What the exercise asks | Please copy the lines below exactly, from the first one through the line showing "Gold Teeth Brooklyn".

(Records from a collection)

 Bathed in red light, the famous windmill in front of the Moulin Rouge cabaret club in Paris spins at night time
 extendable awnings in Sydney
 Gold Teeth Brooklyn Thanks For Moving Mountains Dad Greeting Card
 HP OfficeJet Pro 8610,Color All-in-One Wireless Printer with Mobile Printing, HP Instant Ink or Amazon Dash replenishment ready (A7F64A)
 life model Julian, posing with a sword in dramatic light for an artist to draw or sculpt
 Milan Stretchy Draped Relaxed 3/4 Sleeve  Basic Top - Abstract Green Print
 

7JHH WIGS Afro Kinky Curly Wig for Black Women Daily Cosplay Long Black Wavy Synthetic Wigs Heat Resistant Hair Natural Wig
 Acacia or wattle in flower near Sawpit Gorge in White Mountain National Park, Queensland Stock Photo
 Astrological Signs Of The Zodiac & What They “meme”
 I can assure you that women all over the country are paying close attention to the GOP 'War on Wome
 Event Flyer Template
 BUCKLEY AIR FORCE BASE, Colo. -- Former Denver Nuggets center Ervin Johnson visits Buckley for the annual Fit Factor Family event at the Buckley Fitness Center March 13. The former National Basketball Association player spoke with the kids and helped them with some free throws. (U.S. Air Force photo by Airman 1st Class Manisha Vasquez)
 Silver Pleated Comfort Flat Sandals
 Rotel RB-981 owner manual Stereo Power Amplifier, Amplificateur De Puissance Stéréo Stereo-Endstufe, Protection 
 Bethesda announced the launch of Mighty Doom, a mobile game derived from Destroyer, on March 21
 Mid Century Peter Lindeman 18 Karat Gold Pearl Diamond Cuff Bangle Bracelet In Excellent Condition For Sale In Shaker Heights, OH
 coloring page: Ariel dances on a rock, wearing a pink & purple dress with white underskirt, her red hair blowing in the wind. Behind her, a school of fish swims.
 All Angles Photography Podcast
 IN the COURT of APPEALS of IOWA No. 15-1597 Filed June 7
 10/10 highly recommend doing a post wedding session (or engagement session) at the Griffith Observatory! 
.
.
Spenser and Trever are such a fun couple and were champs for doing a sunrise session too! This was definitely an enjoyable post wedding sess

Answer section |
 Bathed in red light, the famous windmill in front of the Moulin Rouge cabaret club in Paris spins at night time
 extendable awnings in Sydney
 Gold Teeth Brooklyn Thanks For Moving Mountains Dad Greeting Card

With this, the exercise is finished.